*** Records shown ***

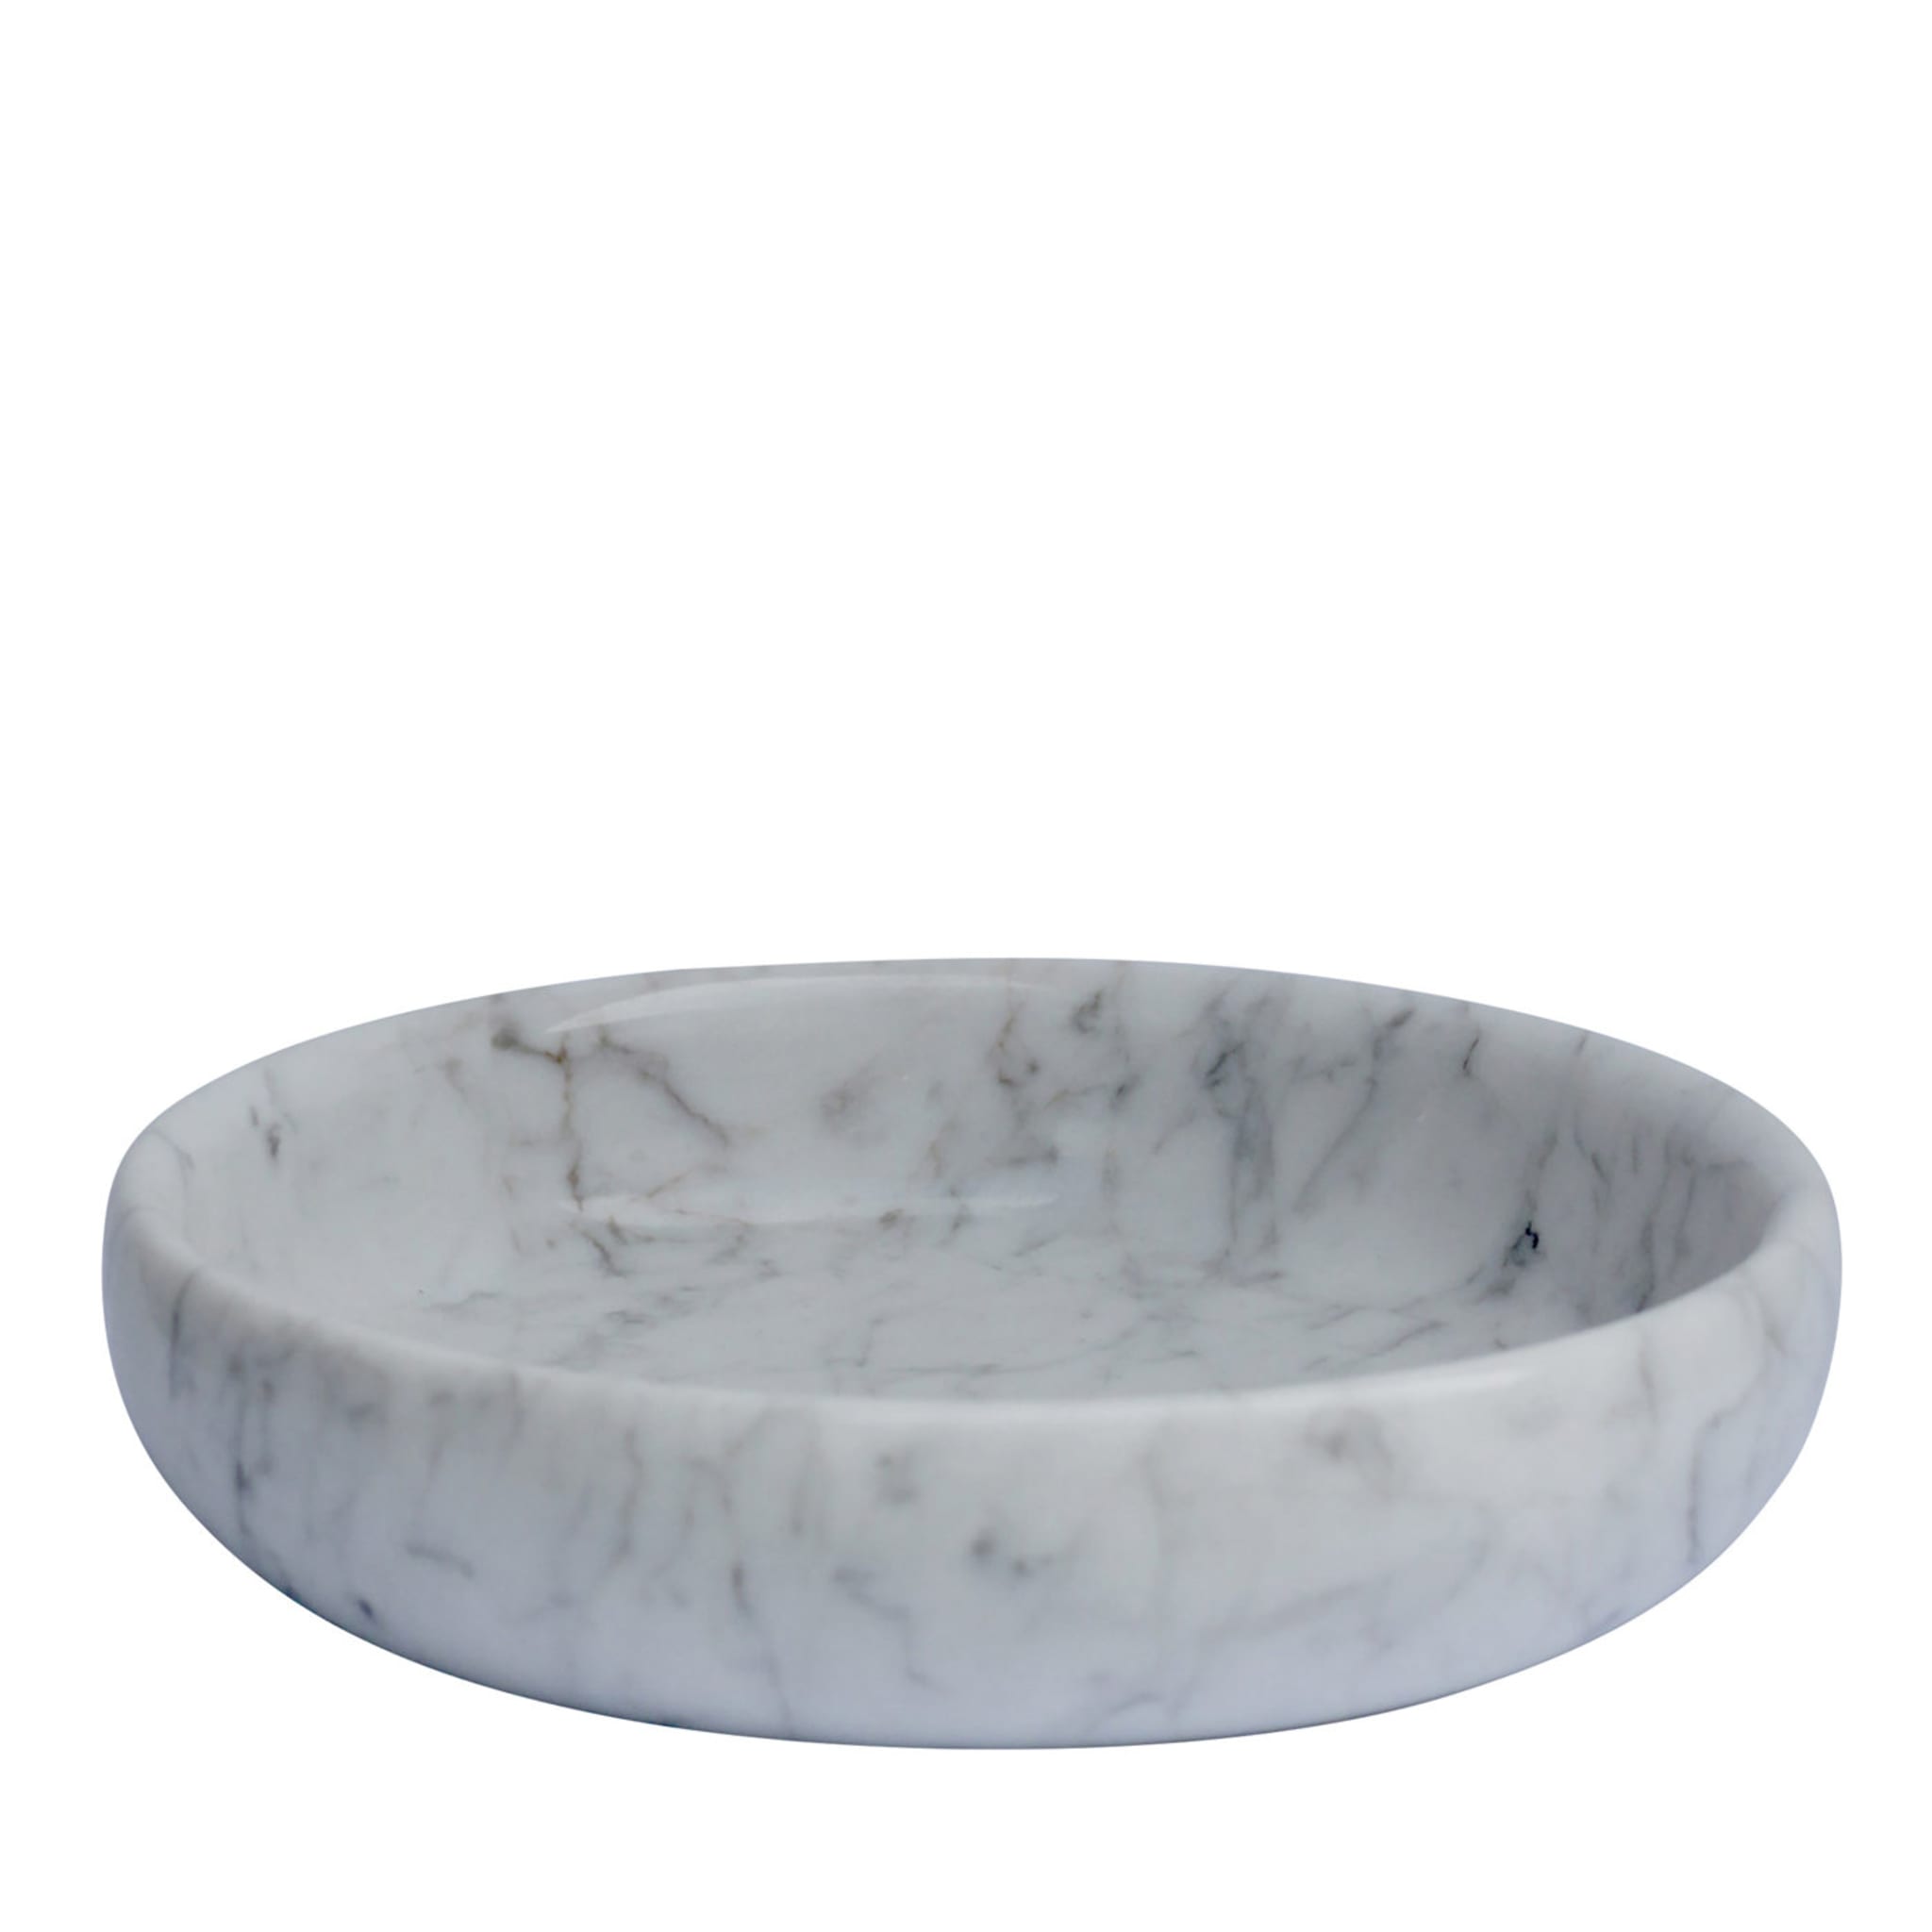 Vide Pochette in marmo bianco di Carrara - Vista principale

*** End of Records shown ***
*** Records shown ***

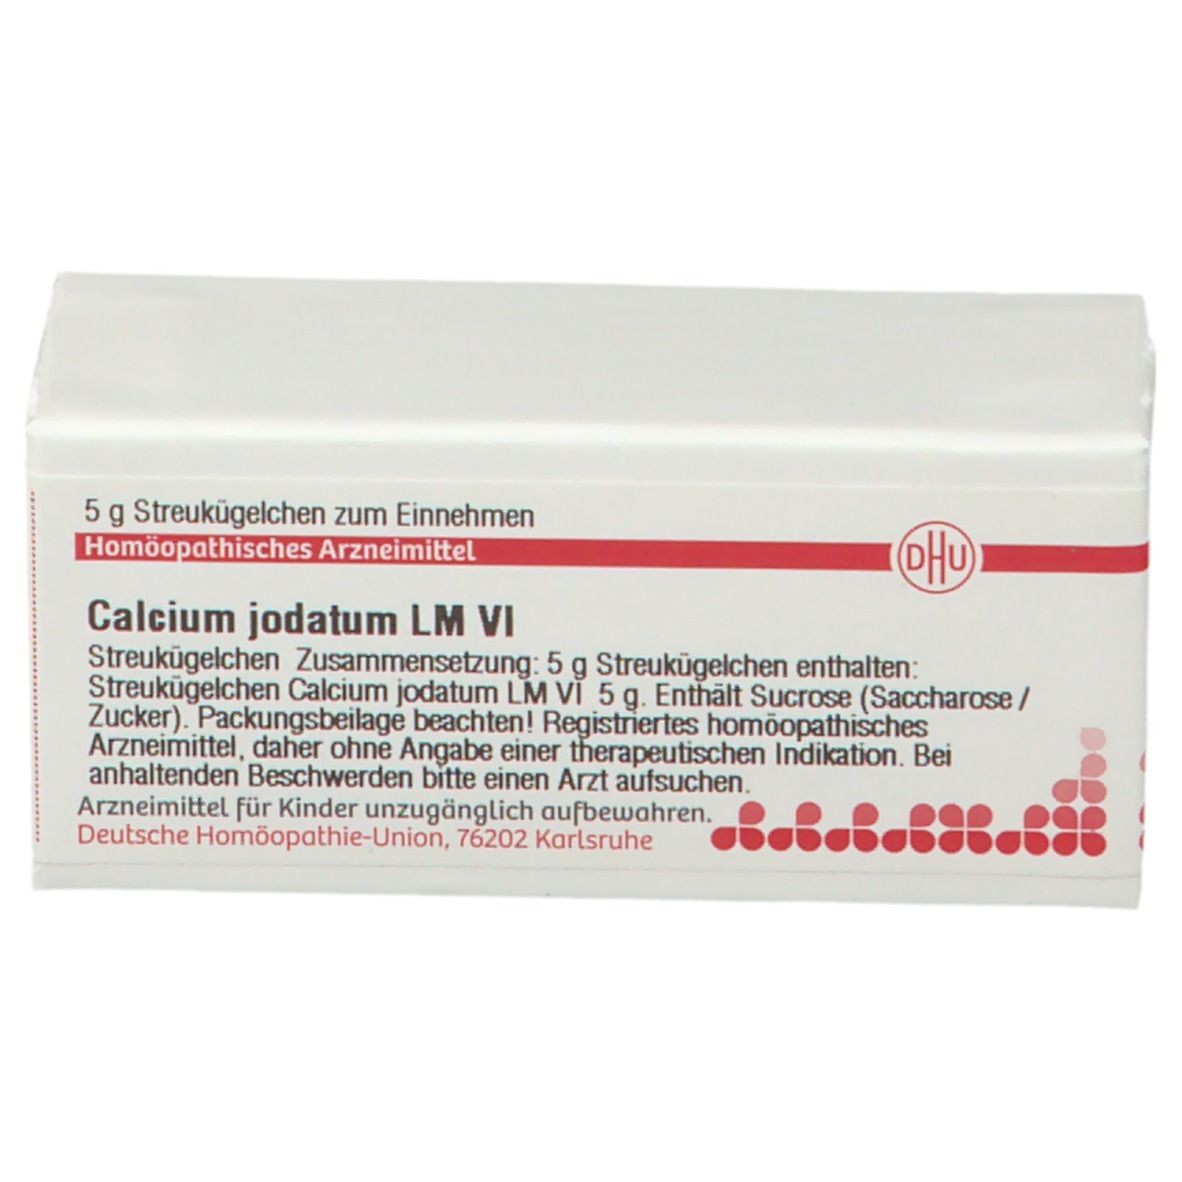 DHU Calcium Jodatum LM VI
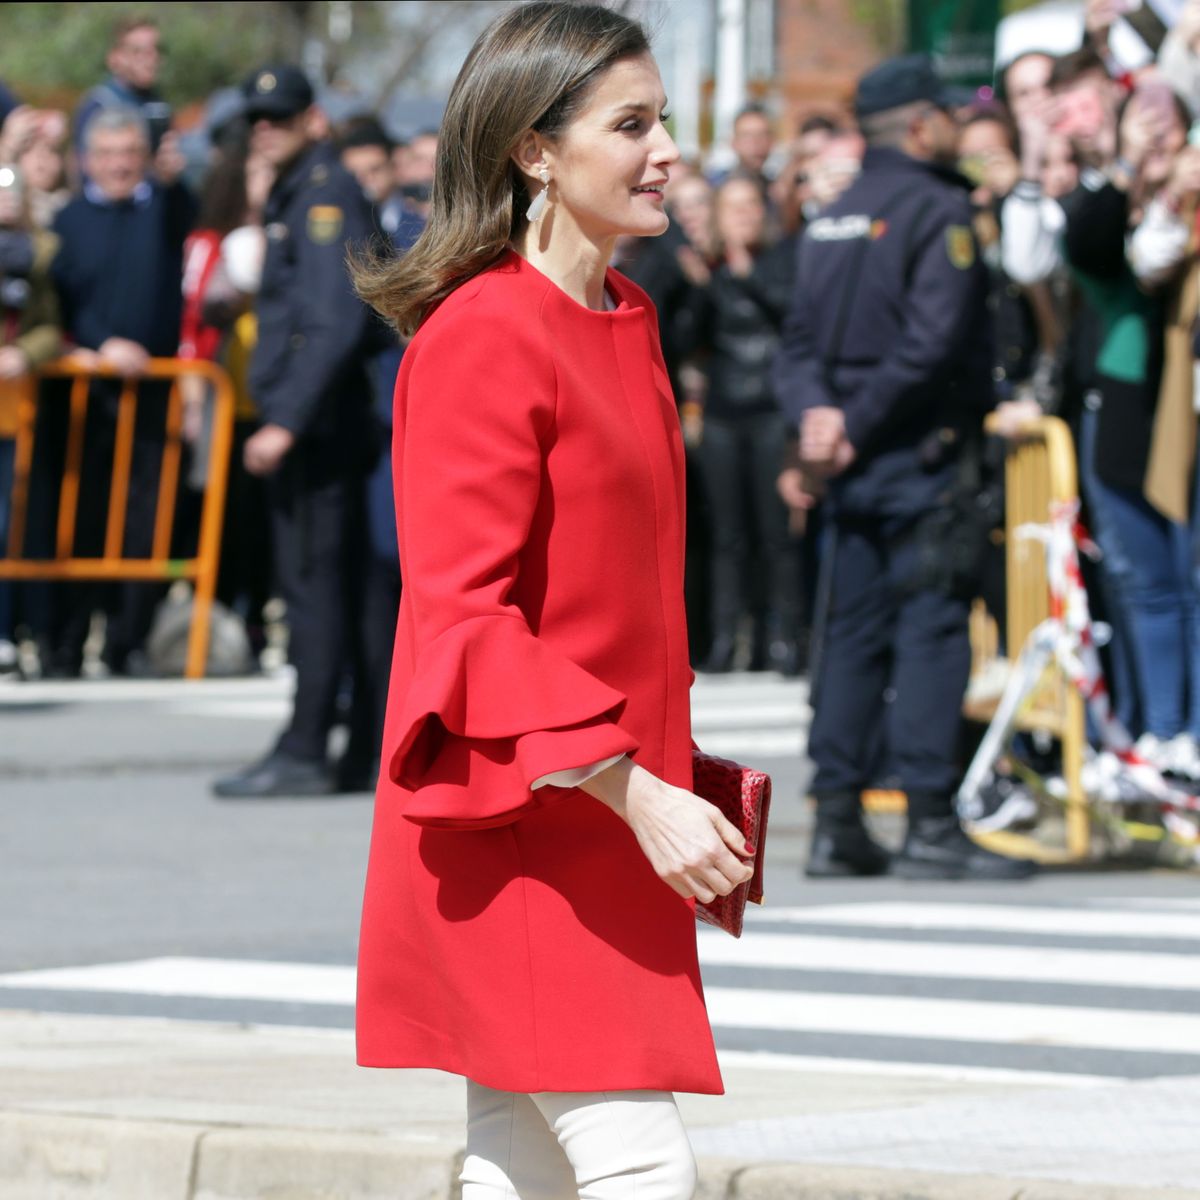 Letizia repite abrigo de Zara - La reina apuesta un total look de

*** End of Records shown ***
*** Records shown ***

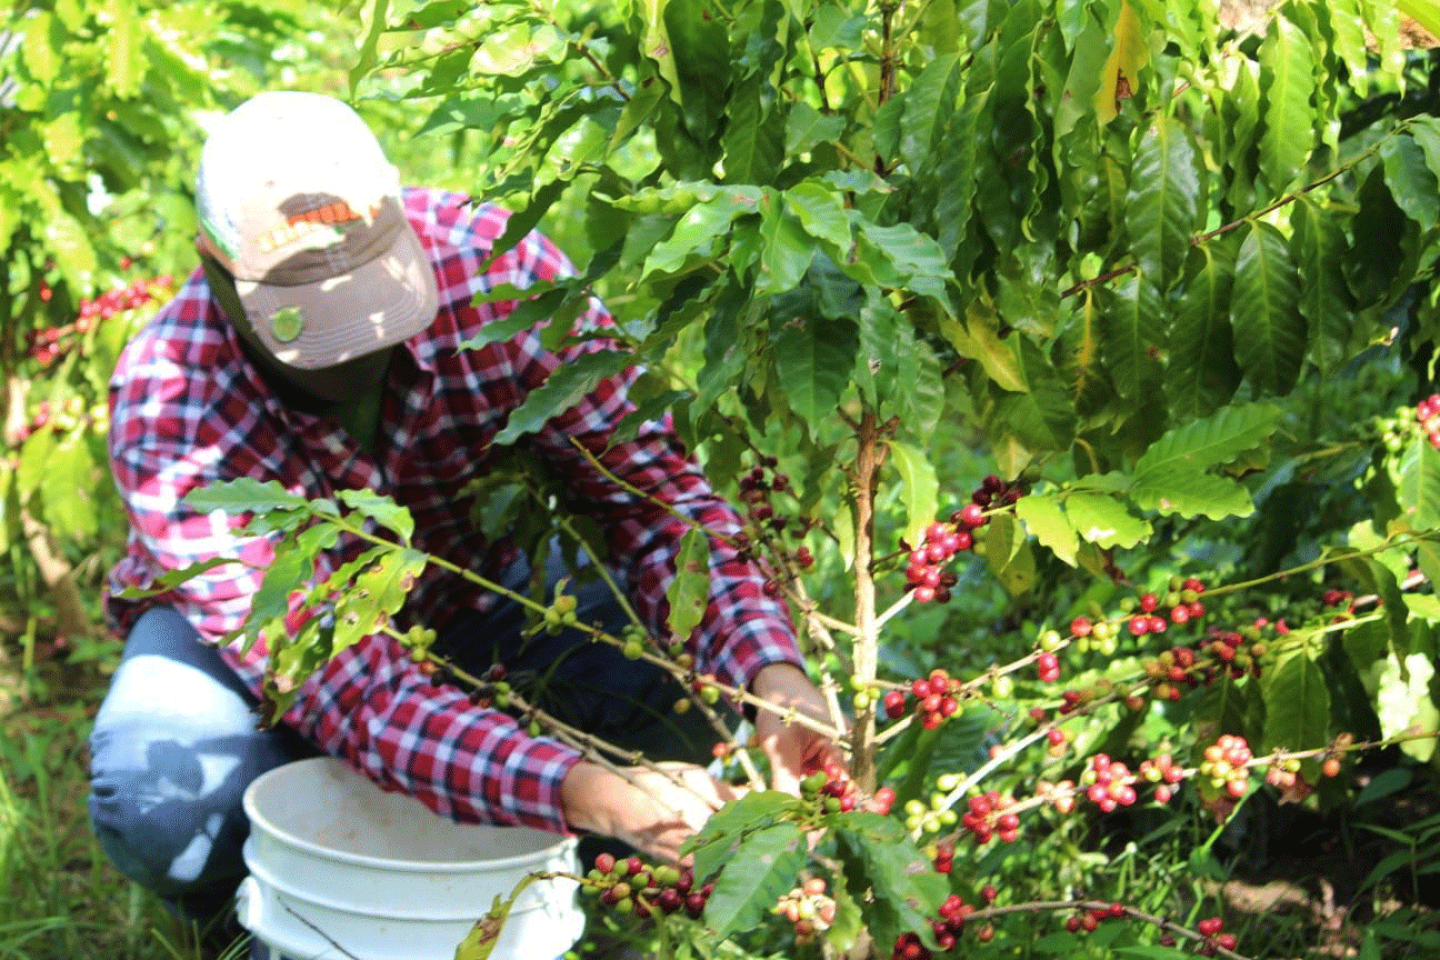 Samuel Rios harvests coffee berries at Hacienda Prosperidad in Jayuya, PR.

*** End of Records shown ***

- _Exercise requirements_
Each line between the one holding "DHU Calcium Jodatum LM VI" and the one holding "Letizia repite abrigo", inclusive, should be copied exactly as it appears above, and pictures should be omitted.

- _Problem solution_
 DHU Calcium Jodatum LM VI
 Letizia repite abrigo de Zara - La reina apuesta un total look de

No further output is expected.